Title 907 | Chapter 010 | Regulation 840E
This emergency administrative regulation is being promulgated to implement Senate Bill 280 from the 2024 Regular Session and introduce a new hospital rate improvement program for specific qualifying rural hospitals with trauma level emergency department systems. This emergency administrative regulation will establish the Kentucky Trauma Hospital Rate Improvement (K-THRI) as an additional add-on payment for certain hospitals that treat a high percentage of Medicaid patients. The U.S. Center for Medicare and Medicaid Services approved this proposal for the additional add-on payment on January 15, 2025. This emergency administrative regulation is needed pursuant to KRS 13A.190(1)(a)2. to preserve state and federal funding and ensure the most efficient use of funds.
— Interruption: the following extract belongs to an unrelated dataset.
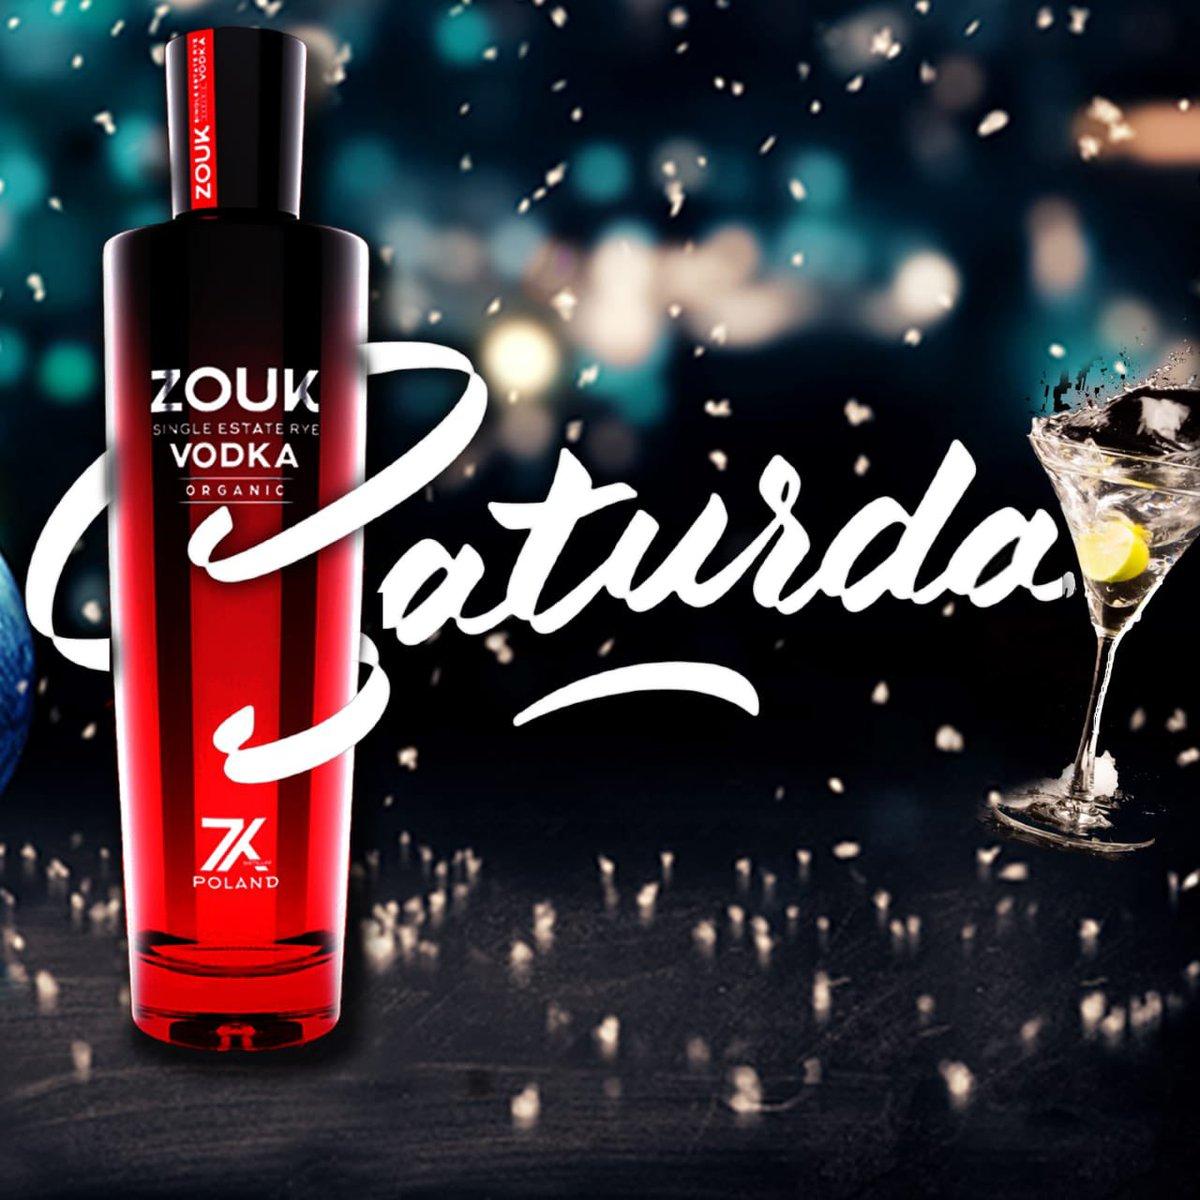 Saturday Vibes  or Vodka Vibes ?  Saturday + Vodka = Perfect Weekend Vibes ✅🍸 #zoukvodka #vodka #saturdayvibes #saturdaynight #saturdaymood

In addition, this emergency amendment is necessary for the Department for Medicaid Services (DMS) pursuant to KRS 13A.190(1)(a)1. to preserve the welfare of Medicaid recipients in need of continued access to high quality services in specific rural hospital markets.
This emergency administrative regulation to an existing administrative regulation shall be replaced by an ordinary amendment to the same existing administrative regulation. The ordinary amendment is identical to this emergency amendment.
907 KAR 10:840E.Hospital Rate Improvement Program.
Section 1.
Definitions.(1)
"Assessment" is defined by KRS 205.6405(1).(2)
"Department" means the Department for Medicaid Services or its designee.(3)
"Federal financial participation" is defined by 42 C.F.R. 400.203.(4)
"Program year" is defined by KRS 205.6405(14).(5)
"Qualifying hospital" is defined by KRS 205.6405(16).(6)
"Received date" means the date a claim is accepted and approved into the Medicaid Management Information System and does not mean the date a claim is actually paid.(7)
"Upper payment limit" or "UPL" is defined by KRS 205.6405(19).Section 2.
Hospital Rate Improvement Program.(1)
Prior to the start of each program year and in accordance with the payment methodology required by KRS 205.6406(2), the department shall calculate for each qualifying hospital:(a)
A per-discharge uniform add-on amount that the qualifying hospital is eligible to receive as a supplemental payment for the program year for Medicaid fee-for-service discharges; and(b)
A per discharge uniform add-on amount that the qualifying hospital is eligible to receive as a supplemental payment for the program year for Medicaid managed care discharges.(2)
With the exception of the initial implementation year, no less than thirty (30) days prior to the beginning of each program year, the department shall provide each qualifying hospital written notice of the total per-discharge uniform add-on amounts for both Medicaid fee-for-service and Medicaid managed care discharges. The notice shall include the data sources and methodologies used to arrive at the value for each variable upon which the qualifying hospital's per-discharge uniform add-on amounts shall be calculated for the program year.(3)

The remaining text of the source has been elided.